PARIS (Bloomberg) -- PSA/Peugeot-Citroen will eliminate an additional 1,500 jobs by 2014, deepening its workforce reduction as auto sales in the region plunge to a 17-year low.
The cuts come on top of 8,000 job losses announced in July and will be made by not replacing people who leave, said Jonathan Goodman, a PSA spokesman.
Workers were told on Monday that the number of employees that the automaker has in France will drop 17 percent to 55,900 in 2014 as a result of the cuts, said Christian Lafaye, the leader of the FO union.
PSA is also closing a factory on the outskirts of Paris, selling assets and negotiating a strategic alliance with General Motors Co. to reduce spending.
PSA has been depleting cash reserves in the last year at a rate of 200 million euros per month.

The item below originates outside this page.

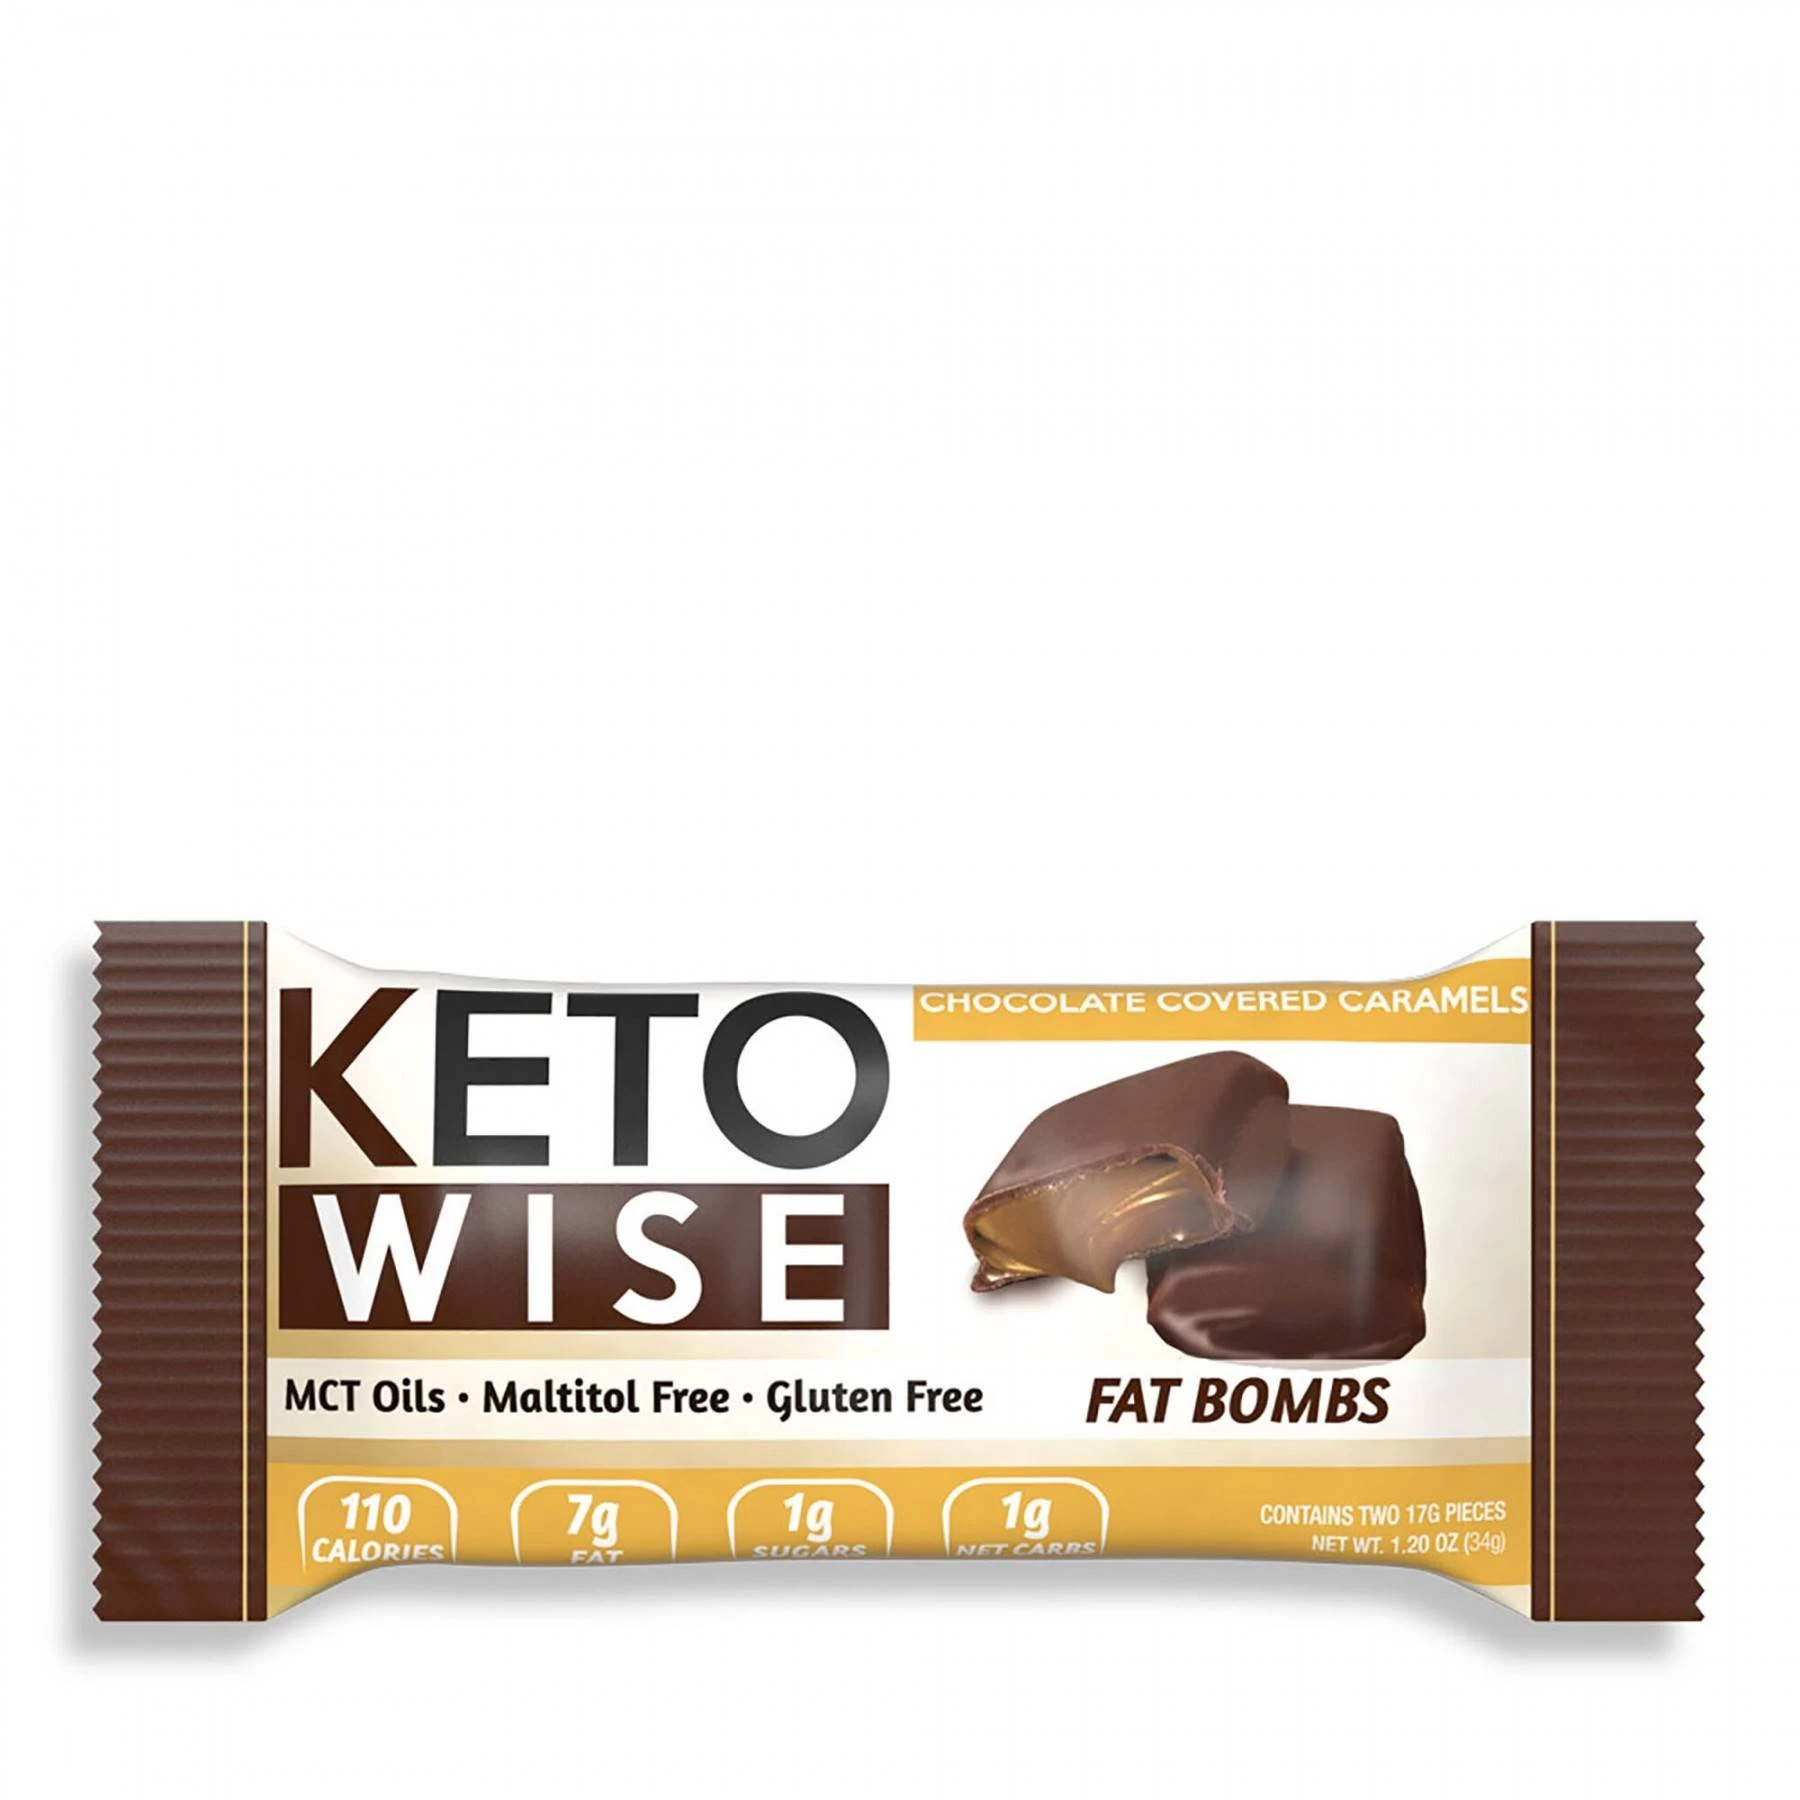 Keto wise fat bombs, bomboane invelite in ciocolata cu aroma de caramel, 32g - gnc

The automaker said in October that net debt at the end of 2012 will total about 3 billion euros, versus a prediction in July of 2.5 billion euros.
With voluntary redundancies, "you are losing those people who can leave and you are left with the underachievers," said Erich Hauser, an analyst at Credit Suisse Group in London who estimates eliminating that many jobs would save 70 million euros ($91 million) per year.
Moody's Investors Service cut PSA's long-term debt rating to three levels below investment-grade on Oct. 10, adding pressure on its banking unit, Banque PSA Finance, which is still rated investment-grade.
France's government stepped in on Oct. 24 to bail out PSA, guaranteeing as much as 7 billion euros in new bonds in exchange for greater influence over company strategy. The automaker needed the French state backing for the banking unit to keep down borrowing costs and offer customers competitive financing rates.
The company's shares have dropped 53 percent this year, valuing the automaker at 1.75 billion euros. Volkswagen Group, Europe's largest carmaker, has gained 46 percent in 2012, giving the German company a market capitalization of 76 billion euros.
Europe's auto market is on track to drop this year to the lowest sales volume since 1995, according to the ACEA trade group. PSA's 10-month sales in the EU and EFTA markets fell 12.2 percent to 1.27 million in a market down 6.9 percent to 12.2 million, according to ACEA.
In an effort to combat overcapacity, PSA plans to close its Aulnay plant on the outskirts of Paris in 2014. The facility, which manufactures the Citroen C3 subcompact, employs 3,000 workers.
PSA is working on the details of the strategic alliance with GM, which is now the French automaker's second-largest shareholder, to build vehicles together and jointly purchase parts and supplies.
PSA is selling a 75 percent stake in its Gefco trucking unit to Russian Railways for 800 million euros and has also sold its headquarters in Paris.